Isso é como dizer que, se a roupa de um bombeiro não é 100% à prova de fogo, sob quaisquer condições imagináveis, ela deve ser descartada, e o melhor é substituí-la por uma camiseta comum borrifada com óleos essenciais.
Nenhuma descoberta da ciência é 100% comprovada, e é nisso que reside a força do método científico. Toda descoberta permanece aberta a novas informações e aperfeiçoamentos, e é assim que a ciência se torna melhor e mais forte. Por definição, o processo científico nunca está completo: portanto, não há um padrão impossível a ser alcançado. É preciso ter cuidado para manter as expectativas dentro do razoável e do racional, não no impossível.

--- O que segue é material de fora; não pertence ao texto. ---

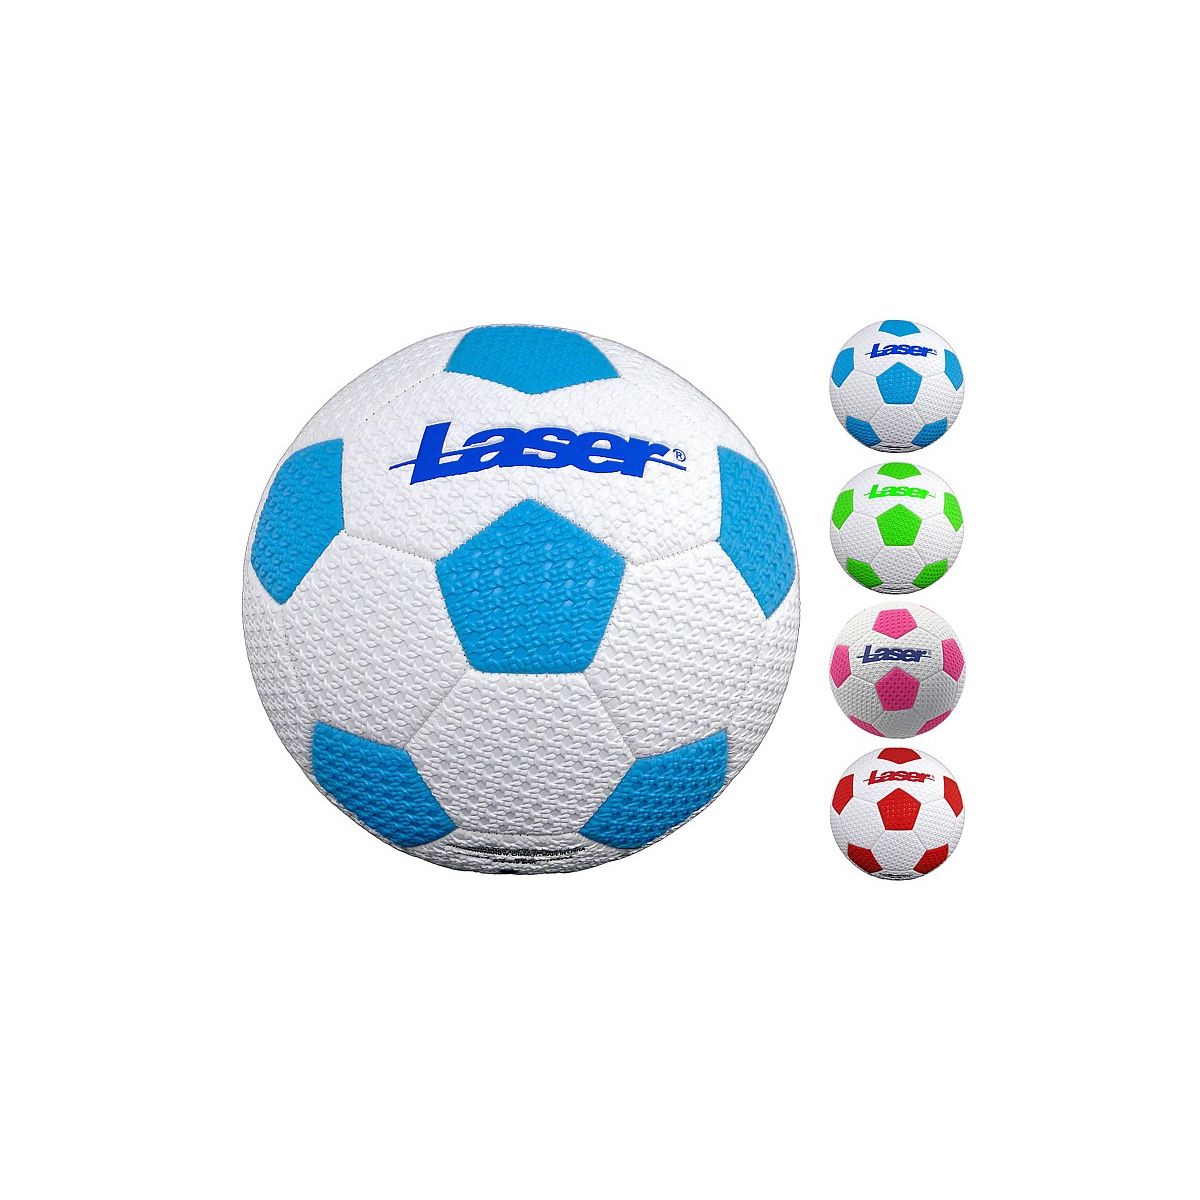 Piłka nożna Laser z porowatą strukturą Adar (537170)

Negacionistas do aquecimento global: Tudo que se requer aqui é mostrar que, este ano, tivemos alguns dias mais frios do que no ano passado. Isso porque, se partirmos da expectativa de que o aquecimento global é verdade, então os dias estarão sempre mais quentes, ano após ano. Não é assim que o aquecimento global funciona, mas é fácil usar essa expectativa impossível para “mostrar” que a afirmação e que um aquecimento global é falsa.

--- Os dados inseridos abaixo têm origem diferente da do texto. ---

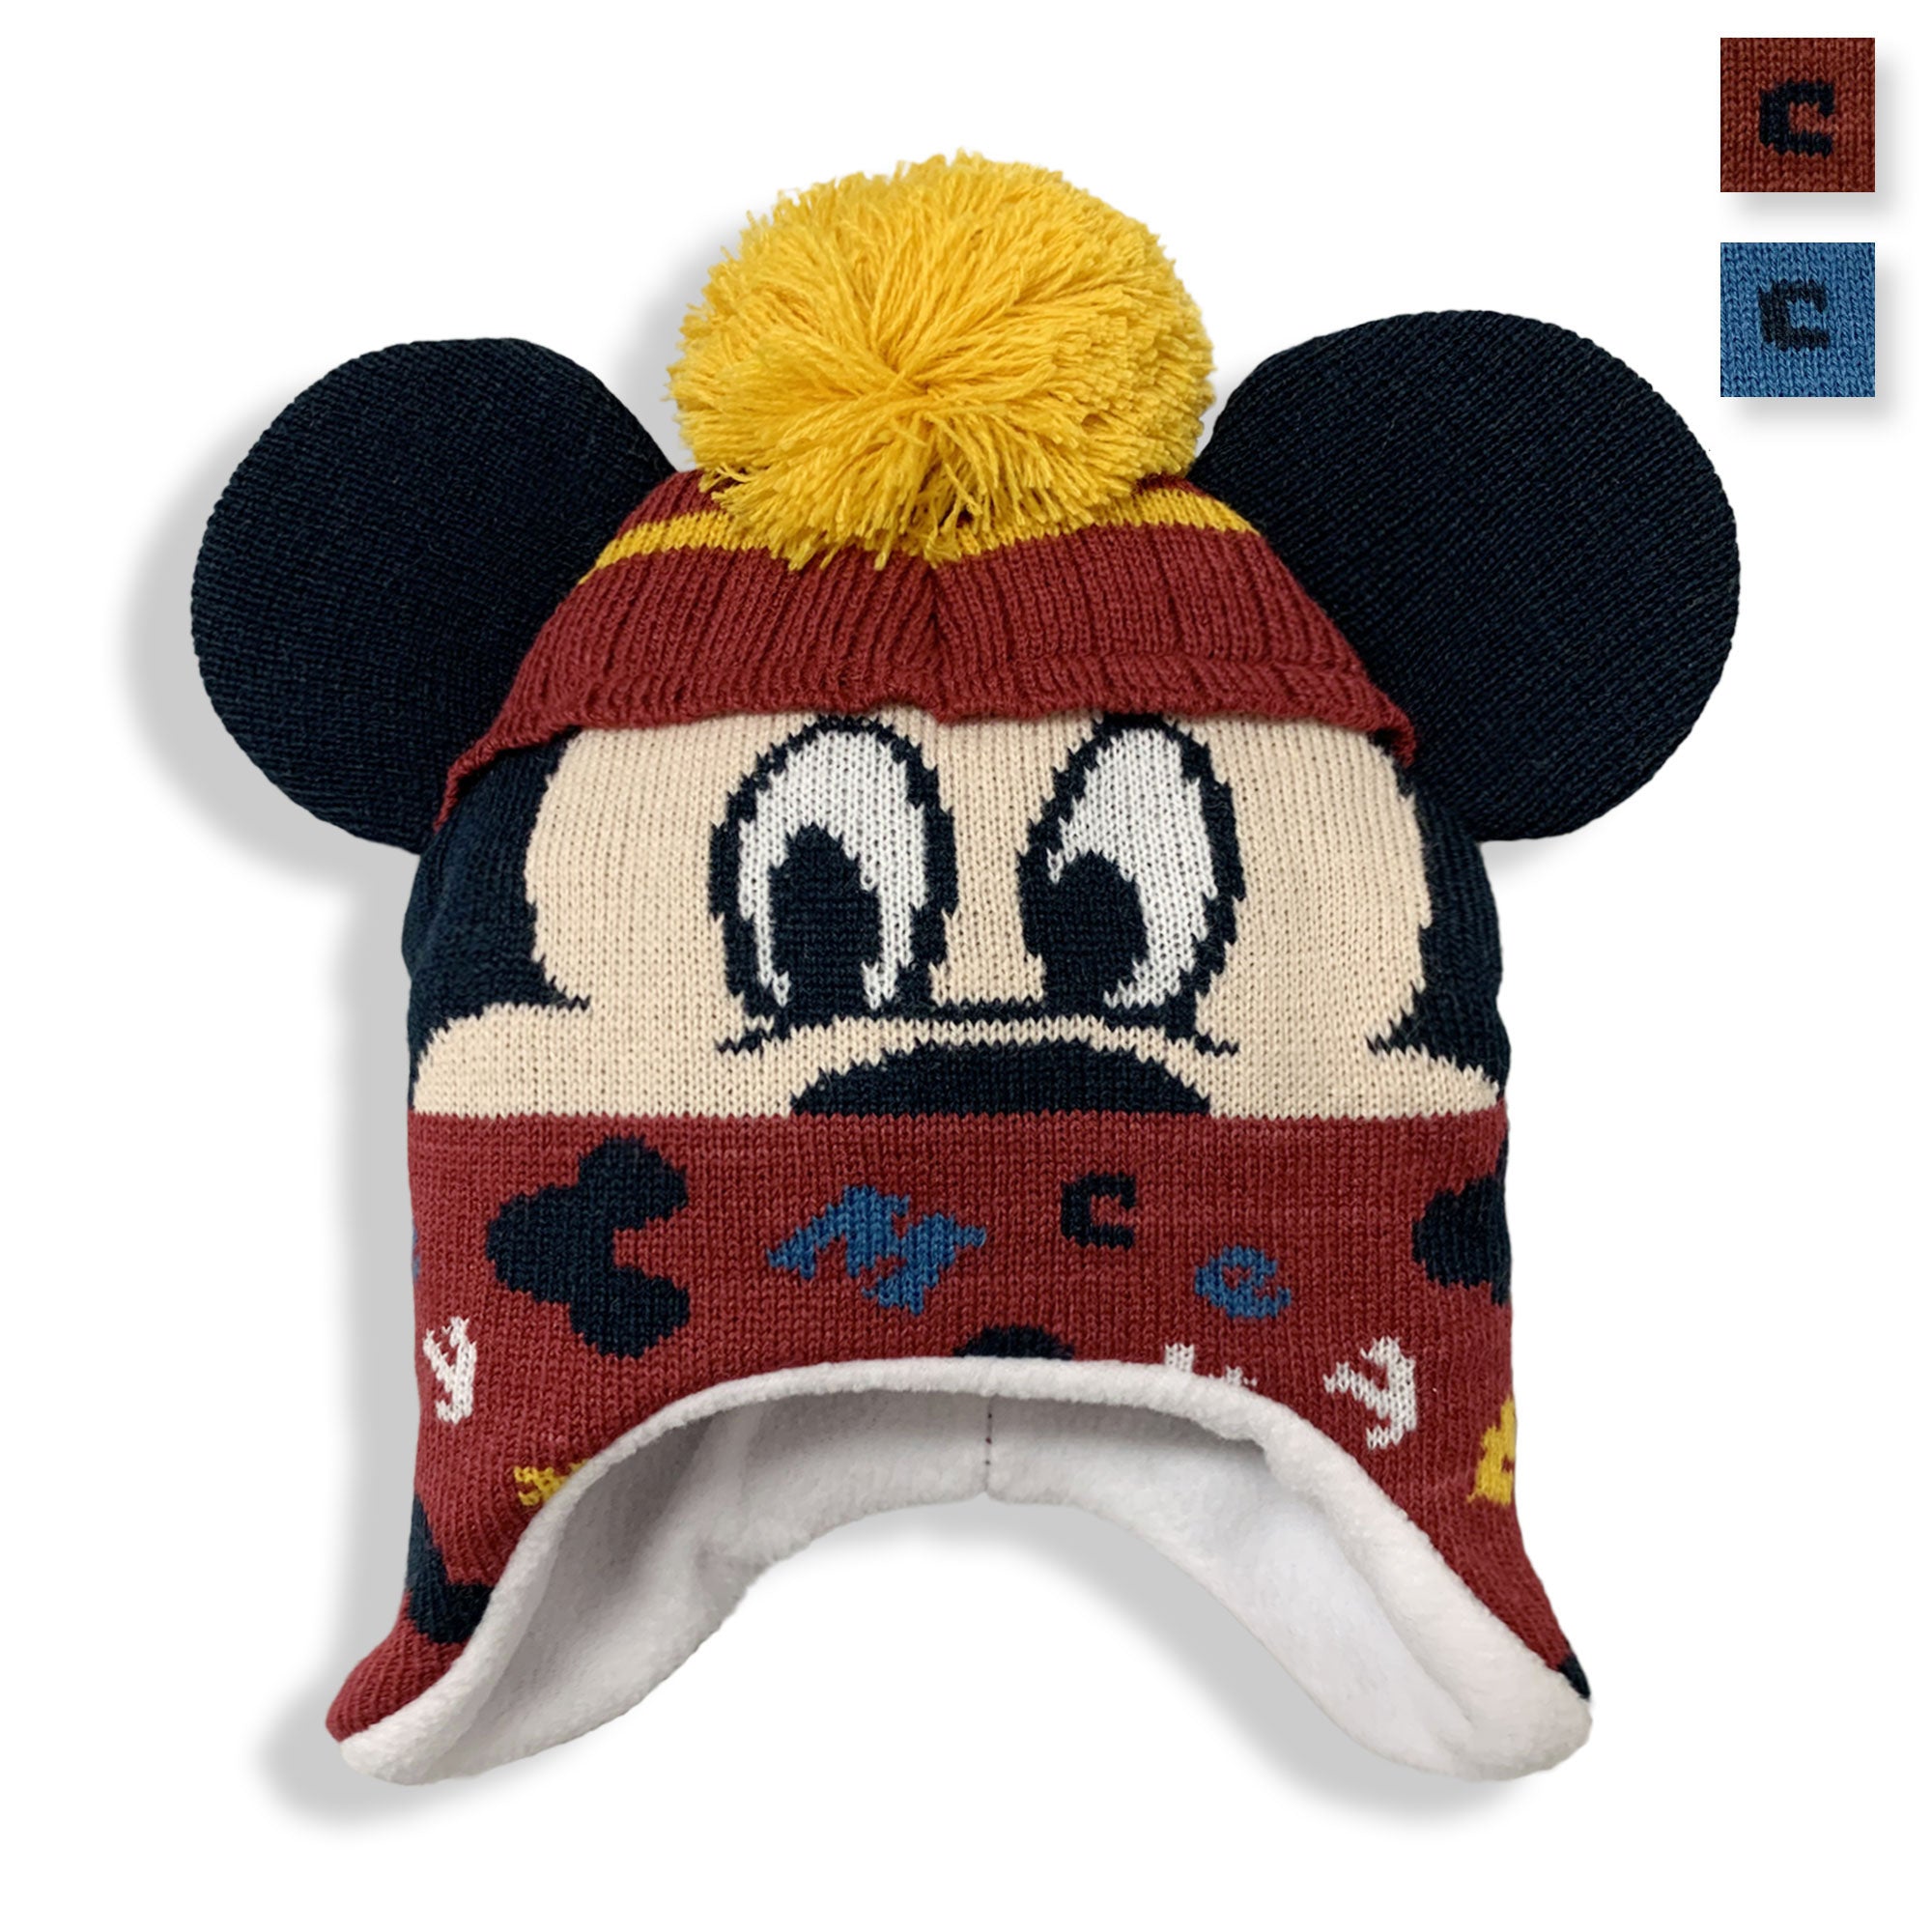 Cappello Disney Mickey Mouse invernale cappellino neonato bimbo 5898

Negacionistas de transgênicos: Podemos dizer, com absoluta certeza, que ninguém jamais vai ter uma reação alérgica a um produto transgênico? É claro que não podemos prever uma coisa dessas, mesmo depois de dezenas de trilhões de refeições com transgênicos terem sido consumidas sem nenhum problema de saúde registrado. É uma expectativa impossível.
Negacionistas de vacinas: As vacinas são positivamente e absolutamente 100% seguras? Não, e como uma porcentagem mínima de pessoas sofre reação adversa, há quem argumente que devemos jogar todas fora.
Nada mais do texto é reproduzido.